> **DATA FOR THIS EXERCISE**:

------------

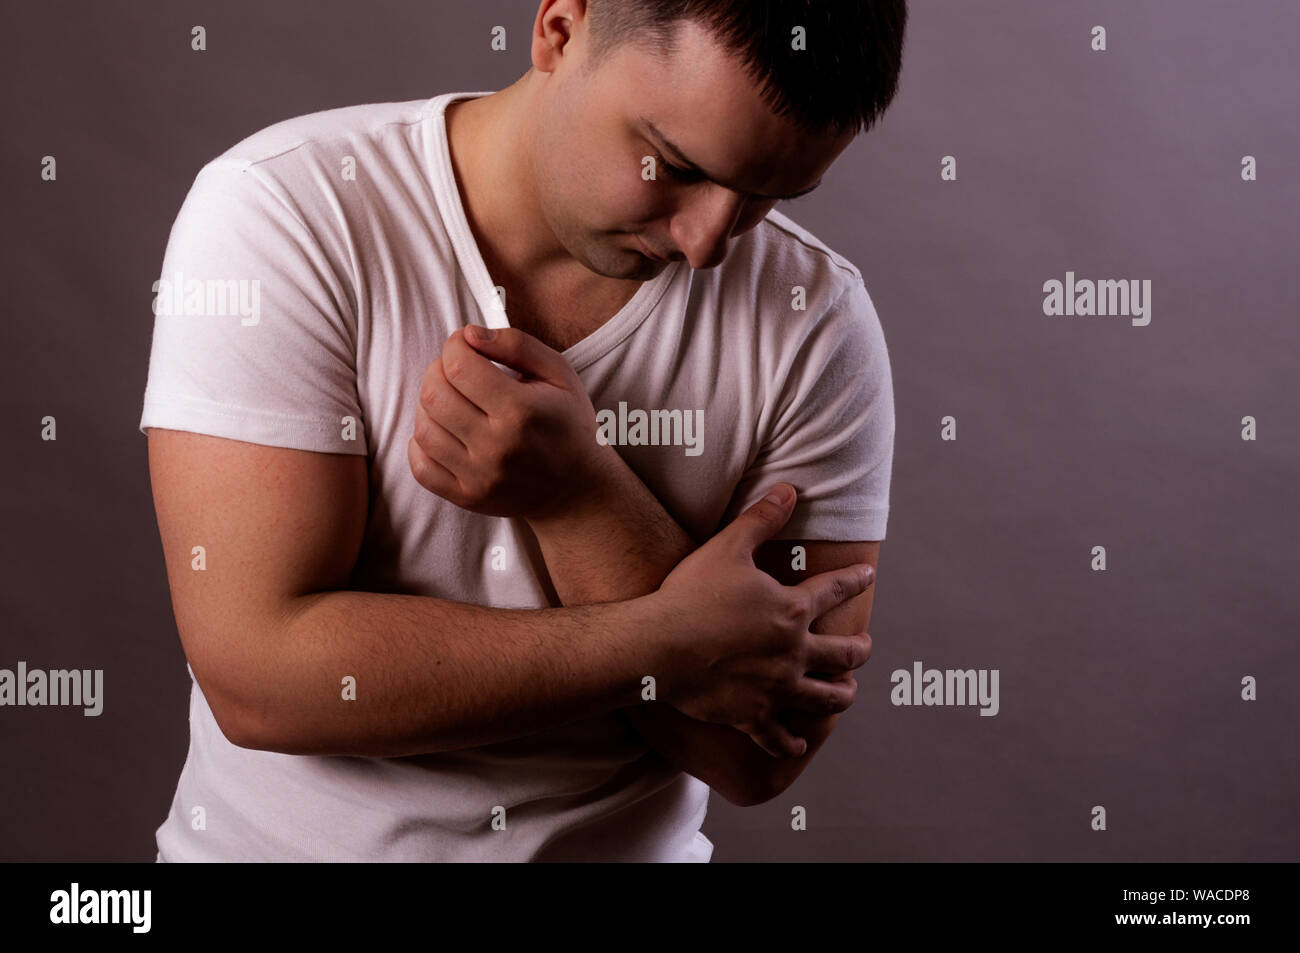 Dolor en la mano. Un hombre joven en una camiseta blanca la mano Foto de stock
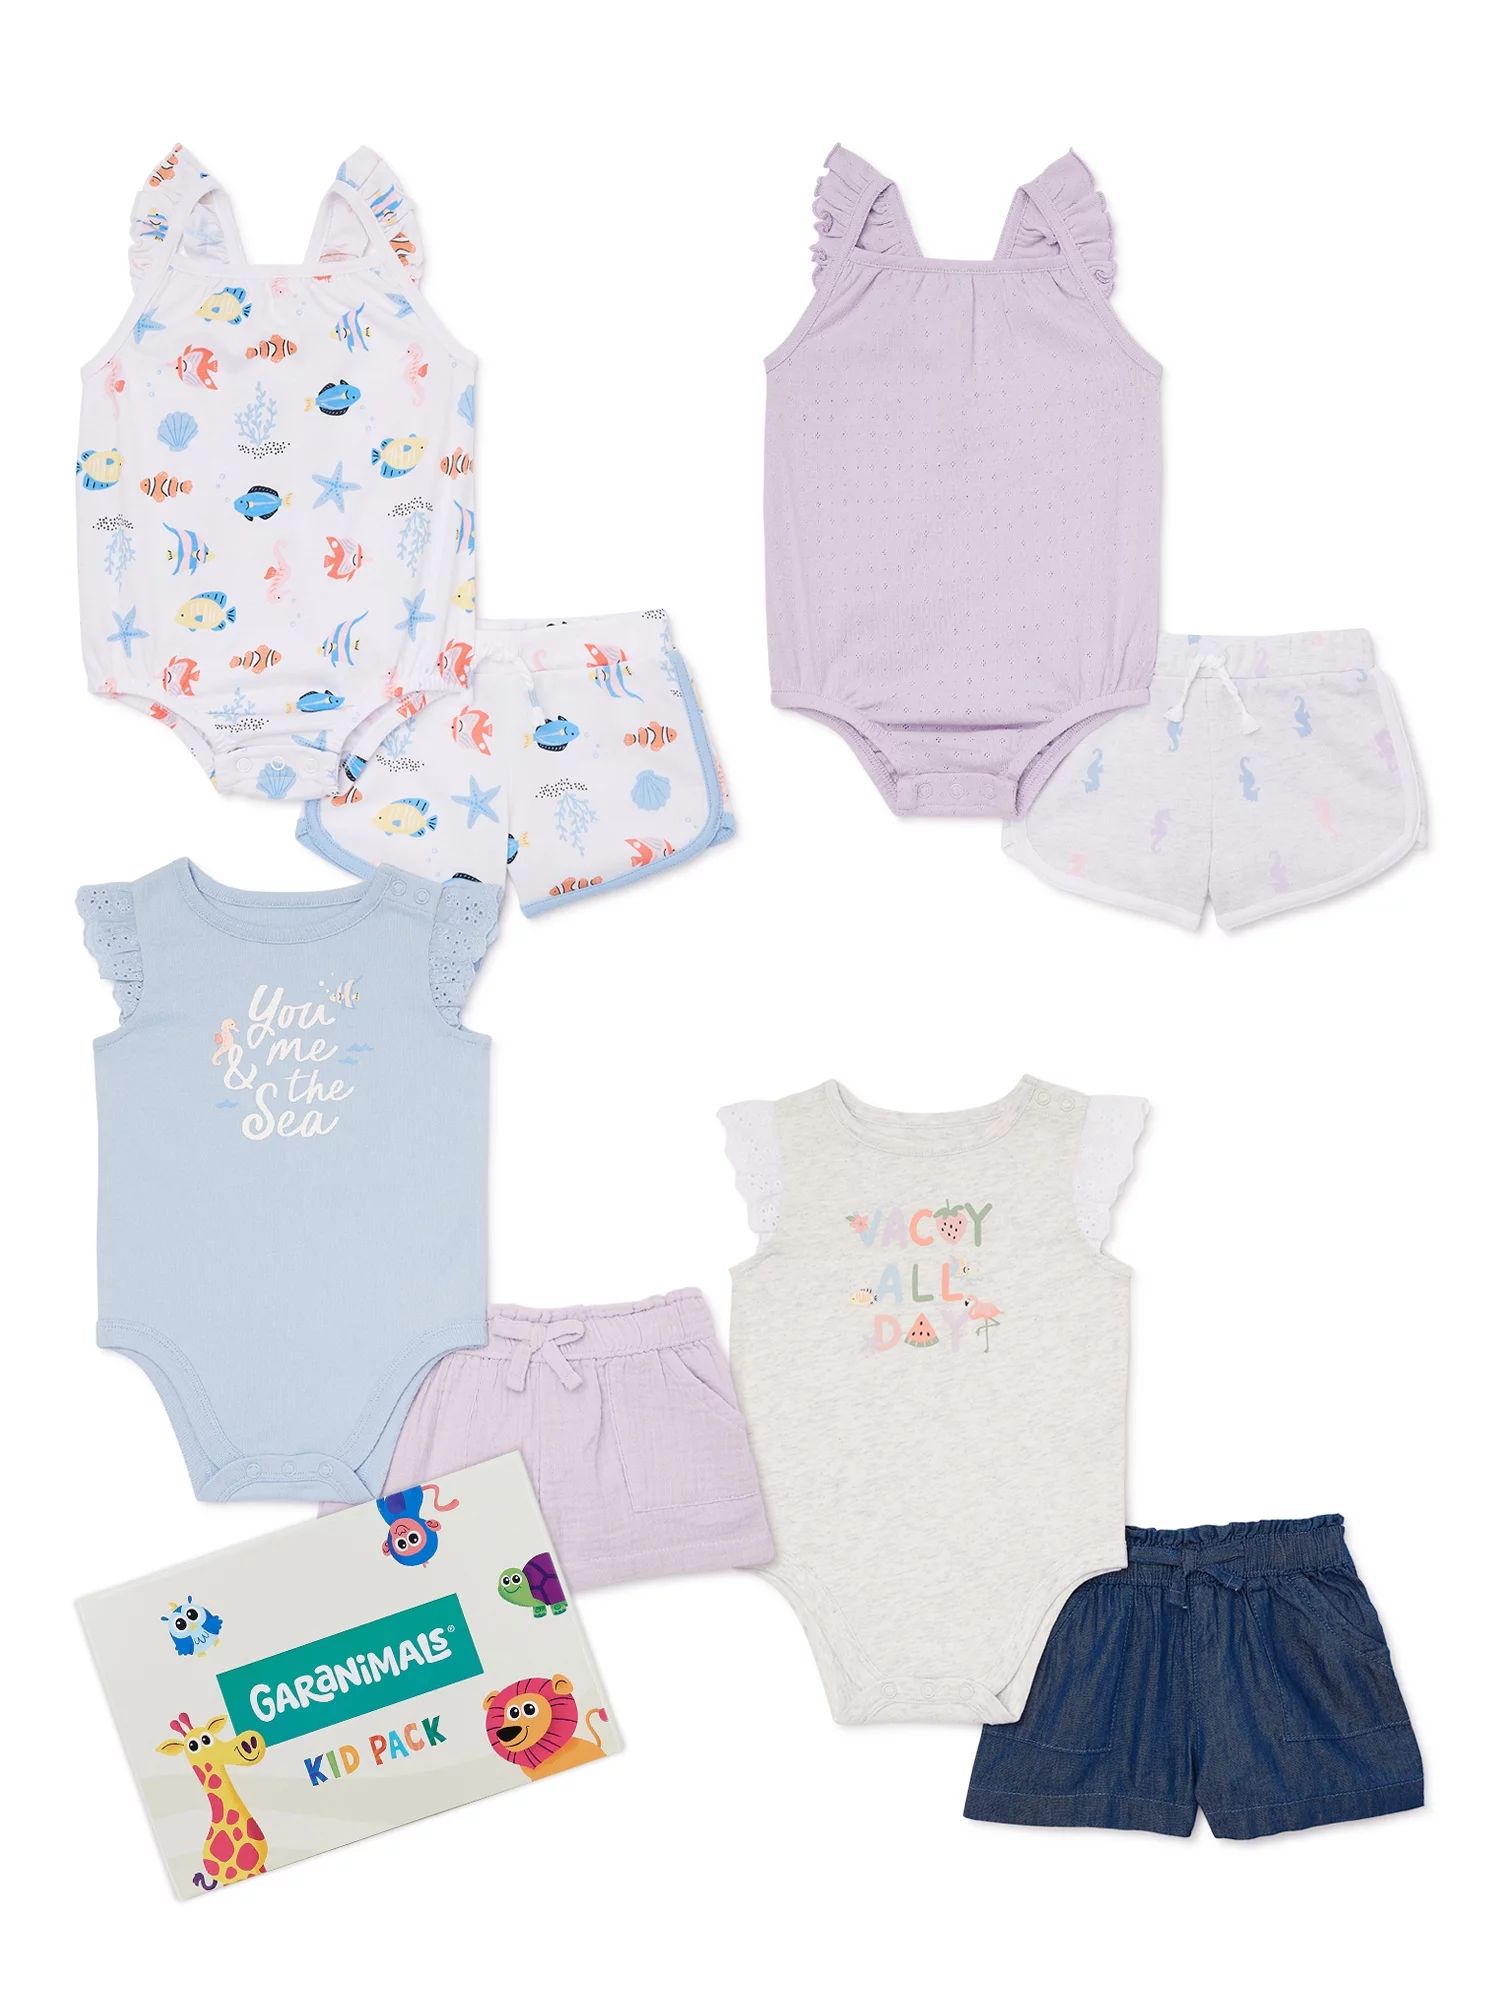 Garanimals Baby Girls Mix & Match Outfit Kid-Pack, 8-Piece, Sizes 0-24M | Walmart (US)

------------

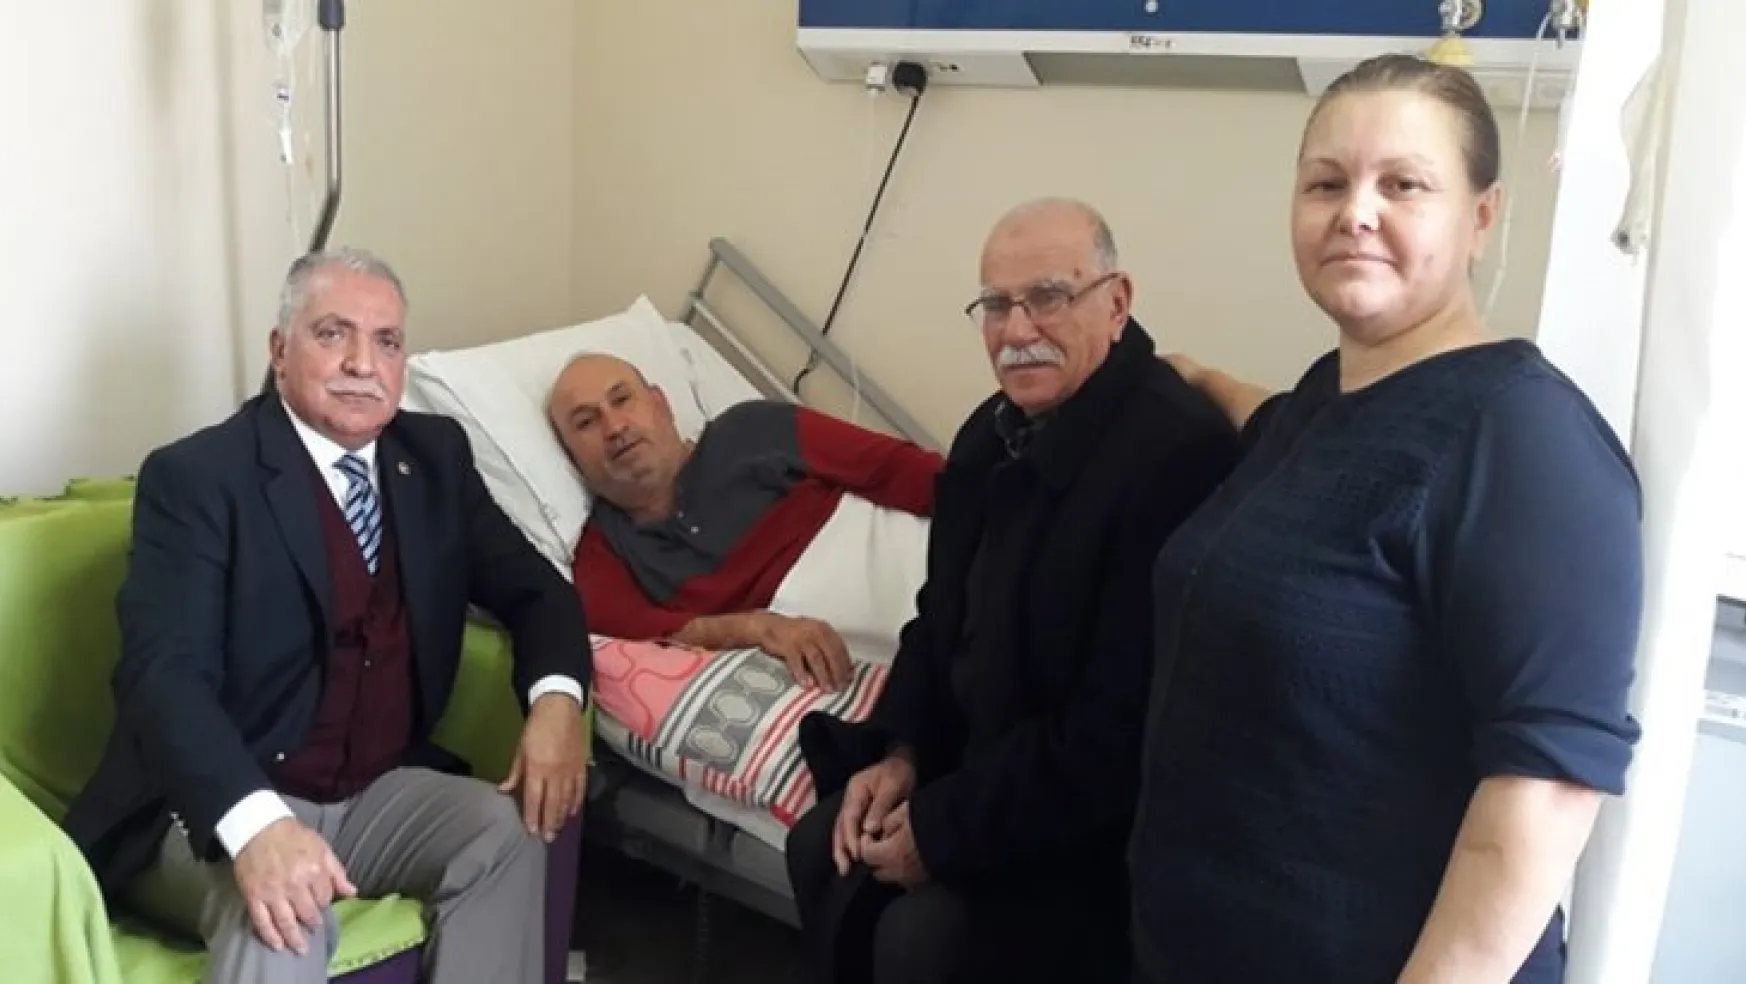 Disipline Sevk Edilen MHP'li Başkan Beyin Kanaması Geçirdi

------------

> **WORK TO COMPLETE**:
Using the entries above, transcribe every line from the line containing "Dolor en la" through the line containing "Garanimals Baby Girls". Do not copy pictures.

> **RESPONSE AREA**:
 Dolor en la mano. Un hombre joven en una camiseta blanca la mano Foto de stock
 Garanimals Baby Girls Mix & Match Outfit Kid-Pack, 8-Piece, Sizes 0-24M | Walmart (US)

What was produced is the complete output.